Replicating the experiment

In order to get the website to load in normal (non-headless) Selenium, you have to follow a _blank link from another website (so that the target website opens in another tab). To replicate the experiment, first create an html file with the content <a href="https://poocoin.app" target="_blank">link</a>, and then paste the path to this html file in the following code.

The version below (non-headless) runs fine and loads the website, but if you set options.headless = True, it will get stuck on Cloudflare.

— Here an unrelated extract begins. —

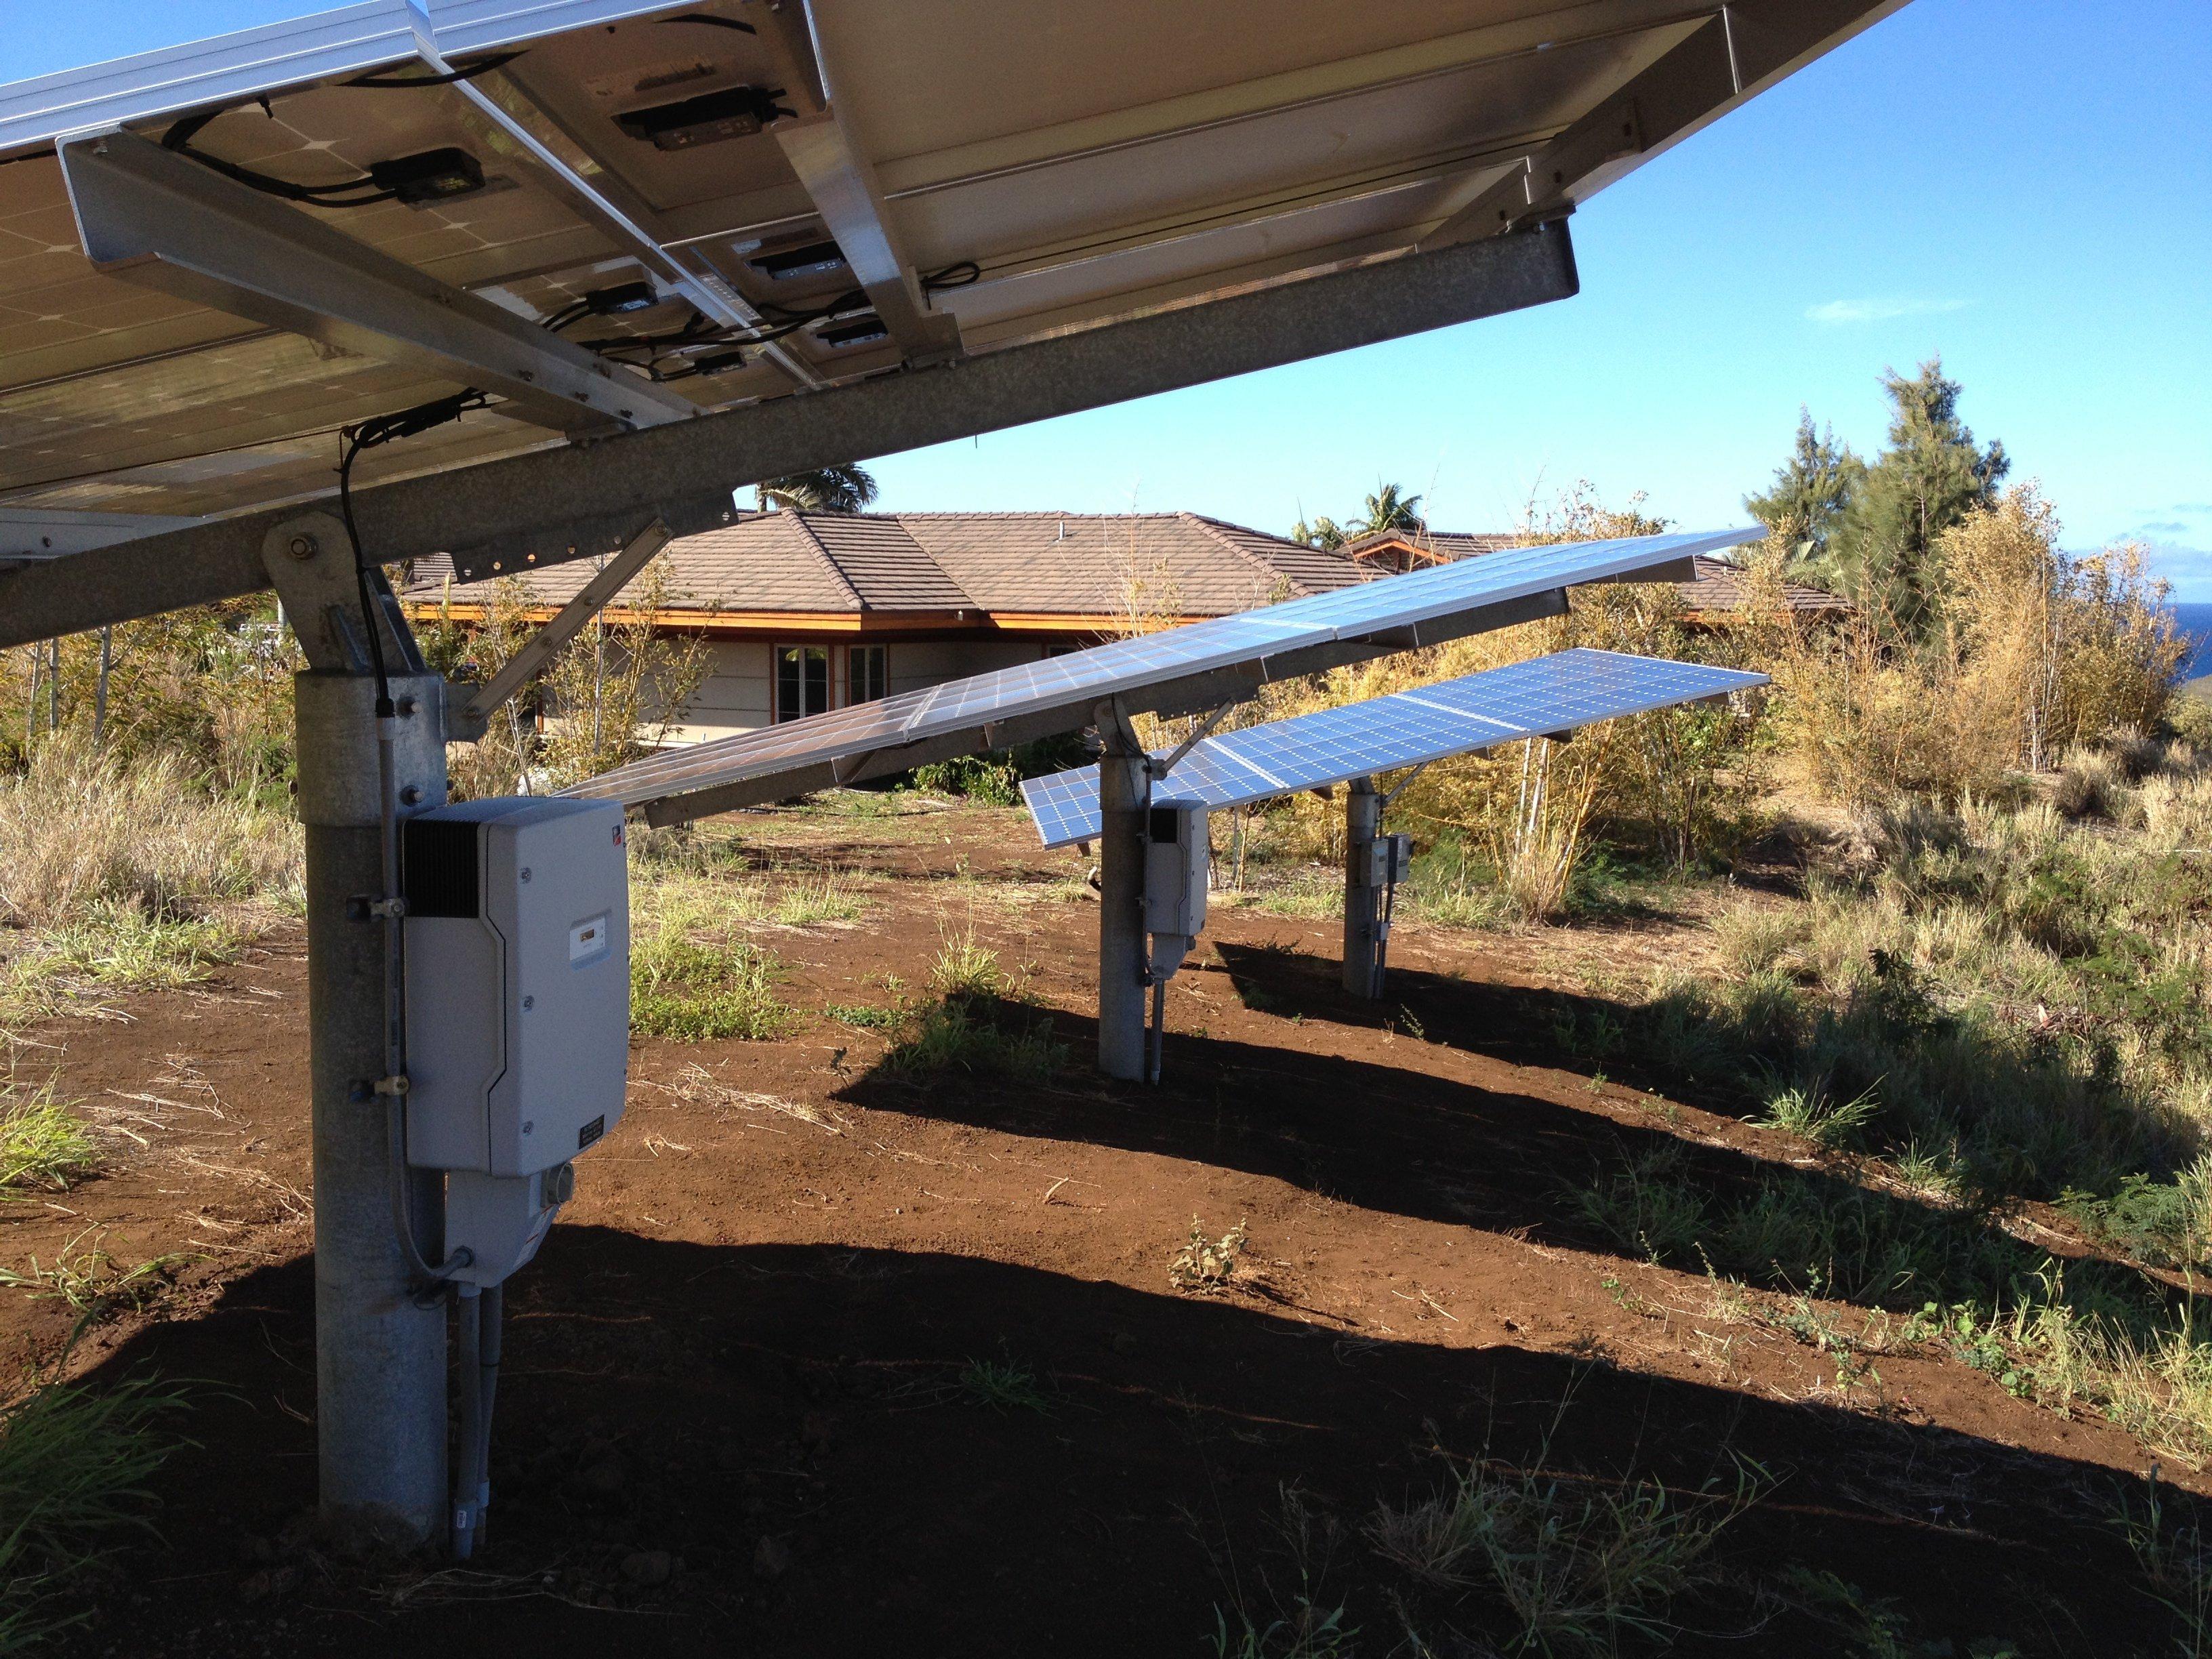 11.856 KW Solar PV system installed on rooftop in Honokaa, HI
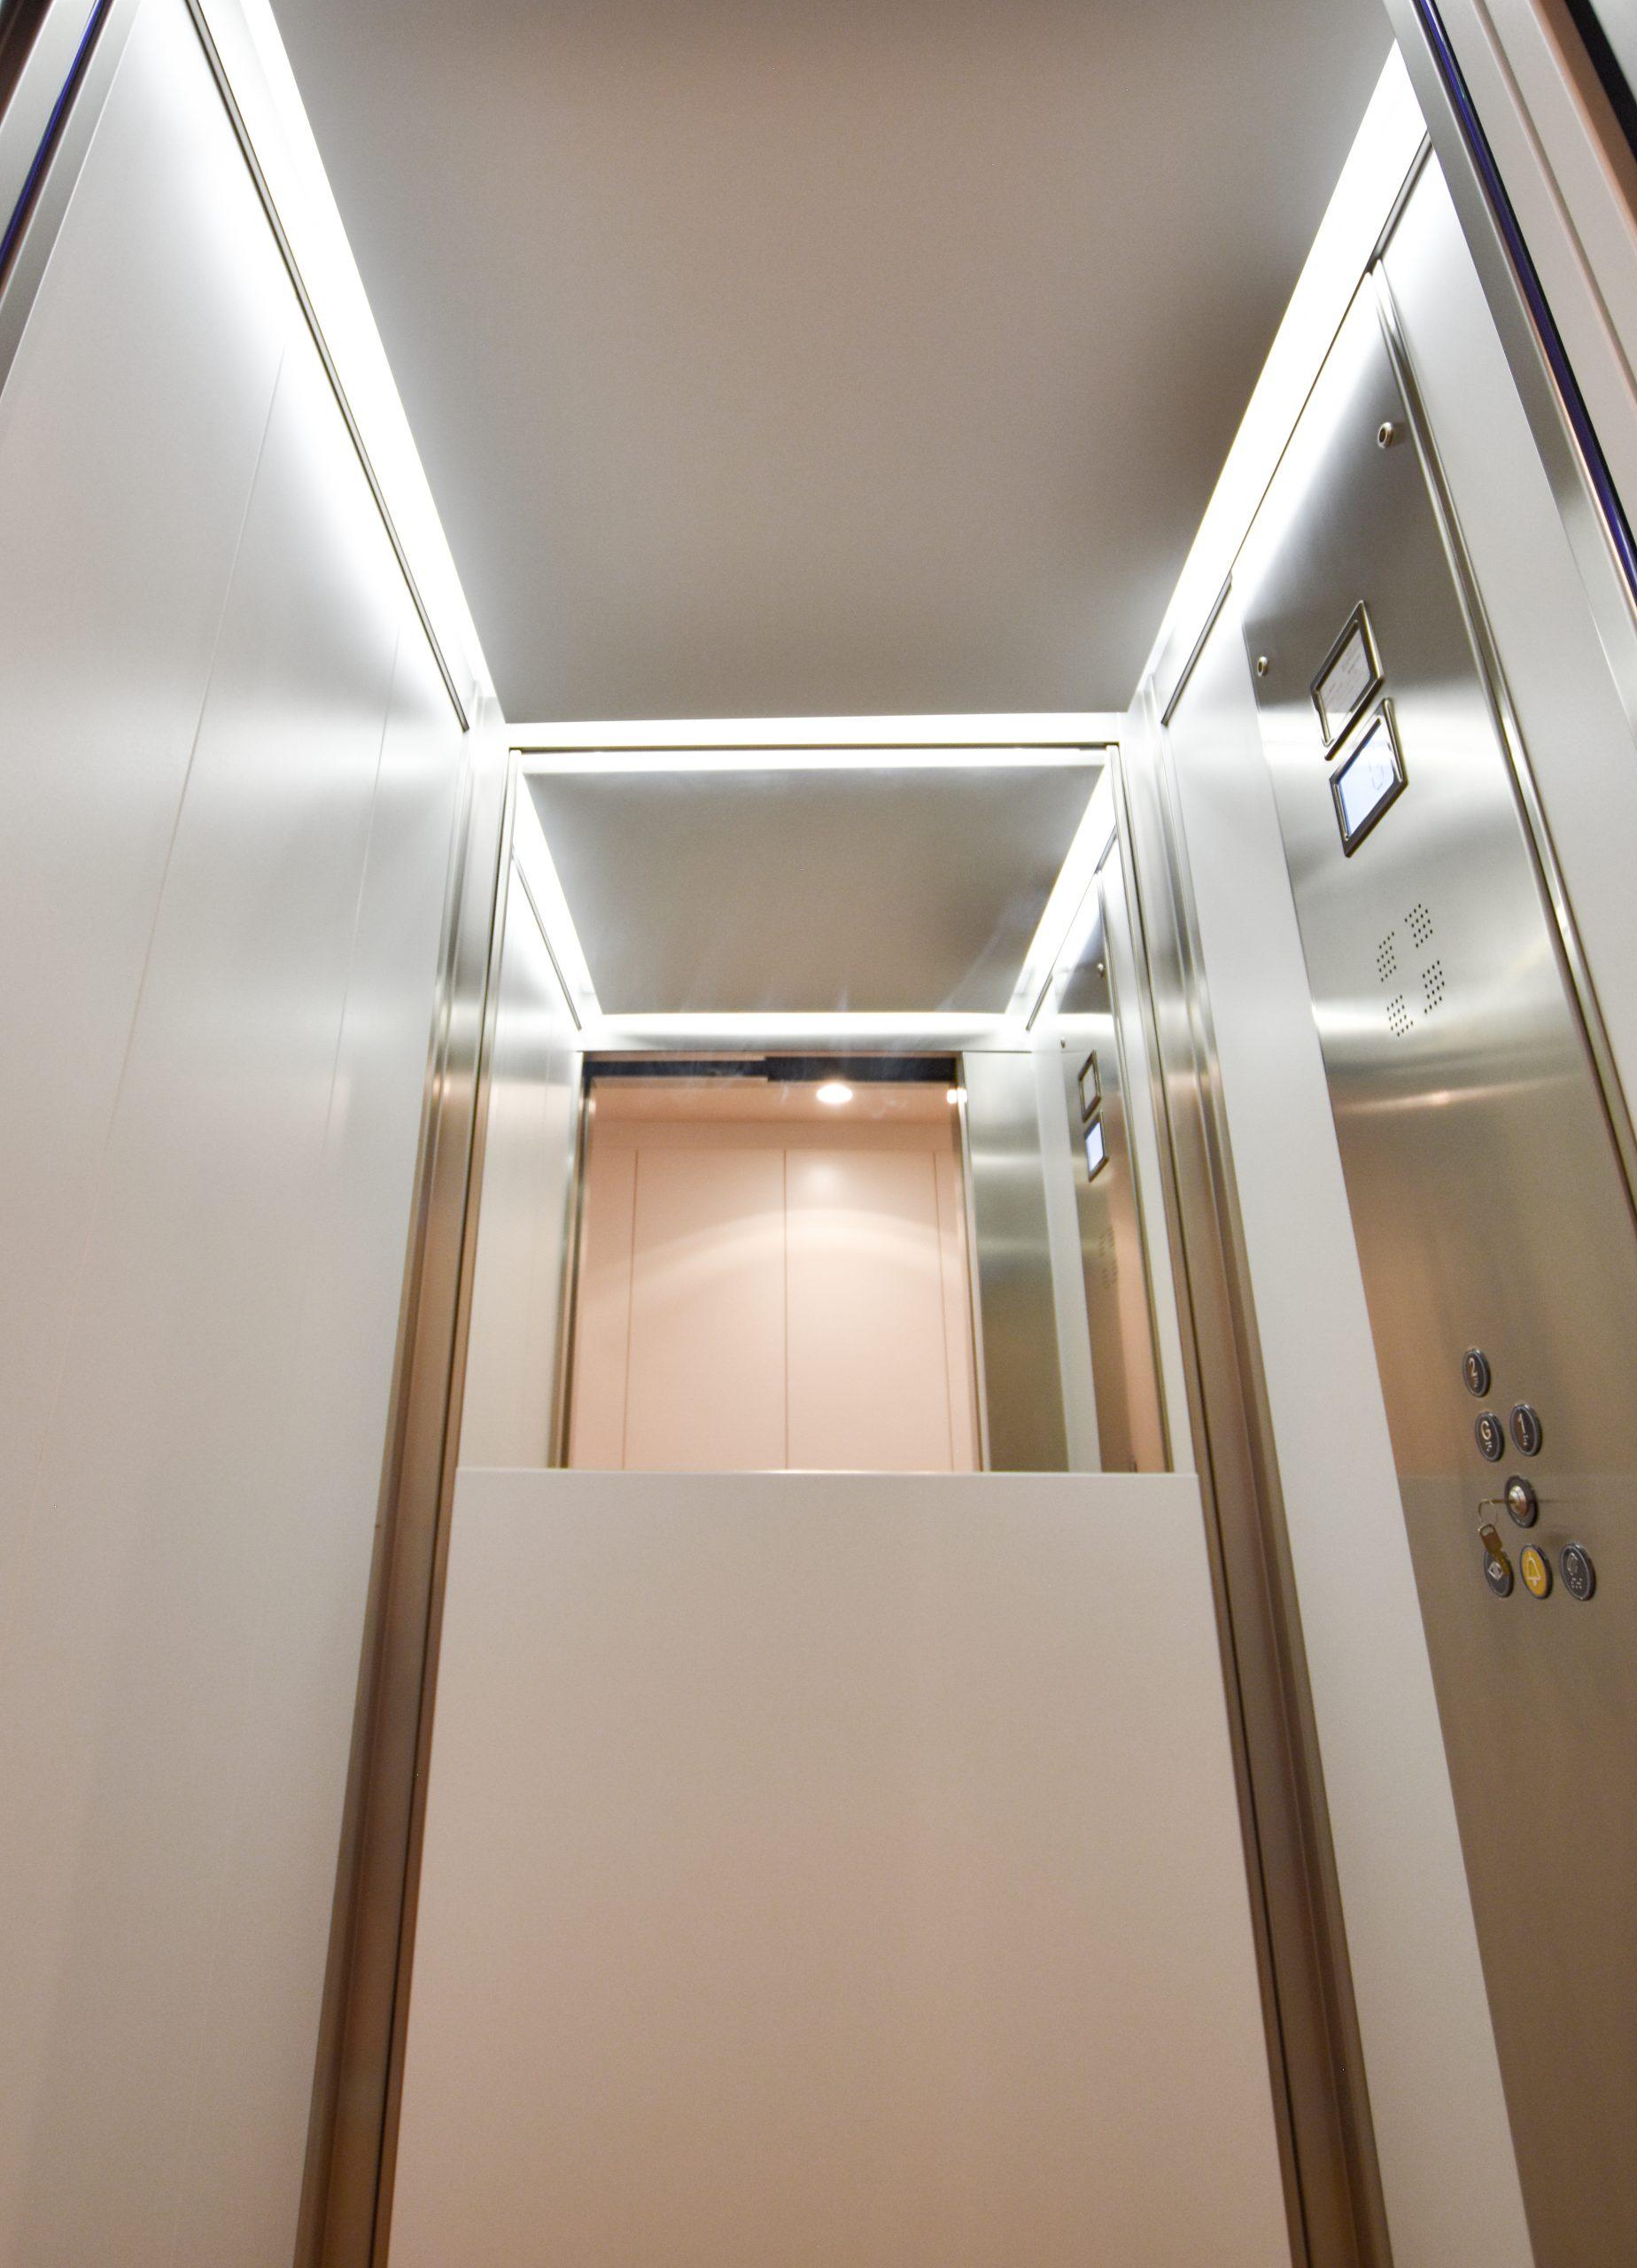 powerful home lifts perth - west coast elevators - jewel lift

from selenium import webdriver
import time

# Replace this with the path to your html file
FULL_PATH_TO_HTML_FILE = 'file:///Users/simplepineapple/html/url_page.html'

def visit_website(browser):
    browser.get(FULL_PATH_TO_HTML_FILE)
    time.sleep(3)

    links = browser.find_elements_by_xpath("//a[@href]")
    links[0].click()
    time.sleep(10)

    # Switch webdriver focus to new tab so that we can extract html
    tab_names = browser.window_handles
    if len(tab_names) > 1:
        browser.switch_to.window(tab_names[1])

    time.sleep(1)
    html = browser.page_source
    print(html)
    print()
    print()

    if 'Charts' in html:
        print('Success')
    else:
        print('Fail')

    time.sleep(10)


options = webdriver.ChromeOptions()
# If options.headless = True, the website will not load
options.headless = False
options.add_argument("--window-size=1920,1080")
options.add_experimental_option("excludeSwitches", ["enable-automation"])
options.add_experimental_option('useAutomationExtension', False)
options.add_argument('--disable-blink-features=AutomationControlled')
options.add_argument('user-agent=Mozilla/5.0 (Macintosh; Intel Mac OS X 10_15_7) AppleWebKit/537.36 (KHTML, like Gecko) Chrome/90.0.4430.93 Safari/537.36')

browser = webdriver.Chrome(options = options)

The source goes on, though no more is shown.